Niedziele ciągną się w Brasilândii tak jak wszędzie indziej na świecie. Jedyna nadzieja w wieczornych próbach szkoły samby Rosas de Ouro. Znacznie bardziej niż rap na Brasie panują samba, pagode i forró. W trakcie odbywającej się w dzielnicy przedpremiery filmu Antônia przez całą projekcję – nawet w scenach, gdy dziewczyny rapowały – słychać było podkład perkusyjny. Widownia zachodziła w głowę, próbując pojąć, co Tata Amaral chciał przez to przekazać. Jedni wysnuli swoje teorie, drudzy nabawili się bólu głowy. Wszystko na nic. Okazało się, że zaraz obok powstałego na poczekaniu kina trwała próba zespołu karnawałowego, narzucając rytm jak bijące serce Brasy.

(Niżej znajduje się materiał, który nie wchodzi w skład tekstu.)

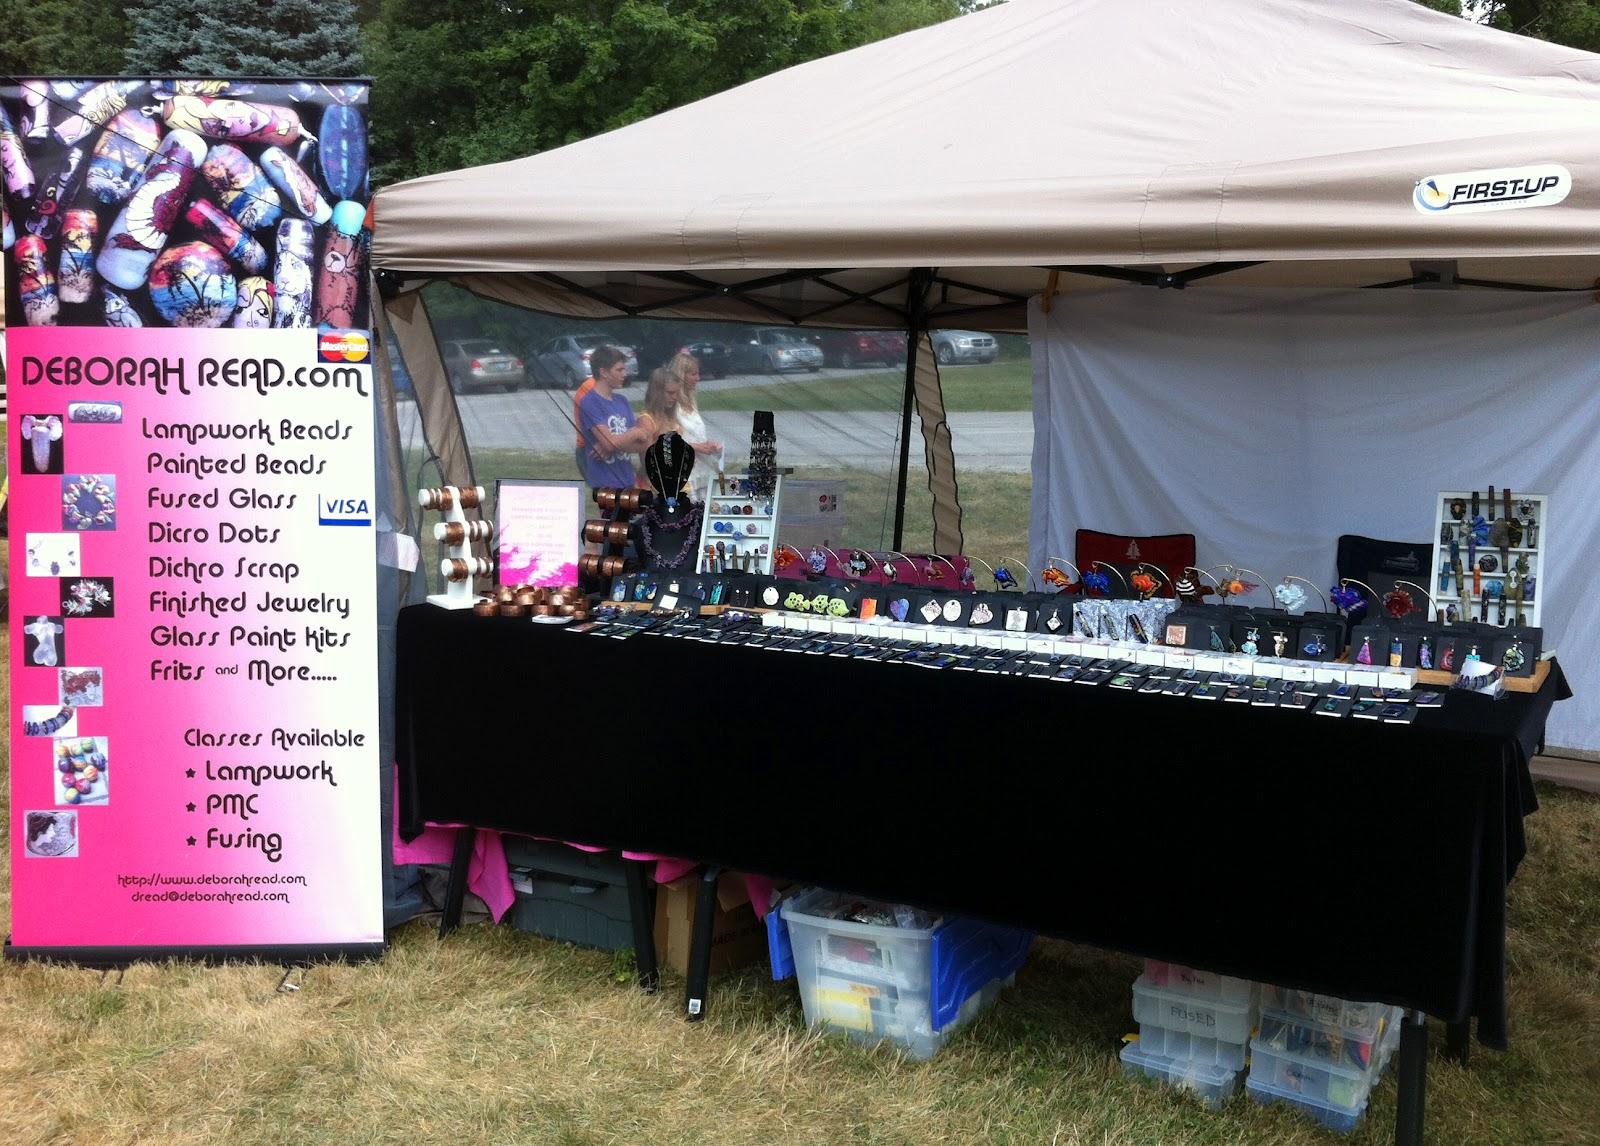 DEBORHREAD COM: Purple Turtle Festival Craft Show

W poniedziałek z samego rana pięćdziesięciosiedmioletni pan Edimar, mający trzynaścioro dzieci i szesnaścioro wnuków, wylądował przy barze w knajpie na rogu cały roztańczony: „Rodowód mój jest taki, panienko: mój niebieskooki dziadek z Portugalii wyhaczył moją babkę, z której była słuszna Murzynka, i wyszło im takie byle co”. Gdy objaśnił już swoje pochodzenie, przedstawił cel wizyty: „Przyszedłem po cukierki. Prawie czterdzieści lat po ślubie, a moja stara dalej narzeka, że z mordy mi naftą zionie”.
Eliane Brum, Kolekcjoner porzuconych dusz. Reportaże z Brazylii, tłum: Gabriel Borowski, fragment ze stron: 67 – 73.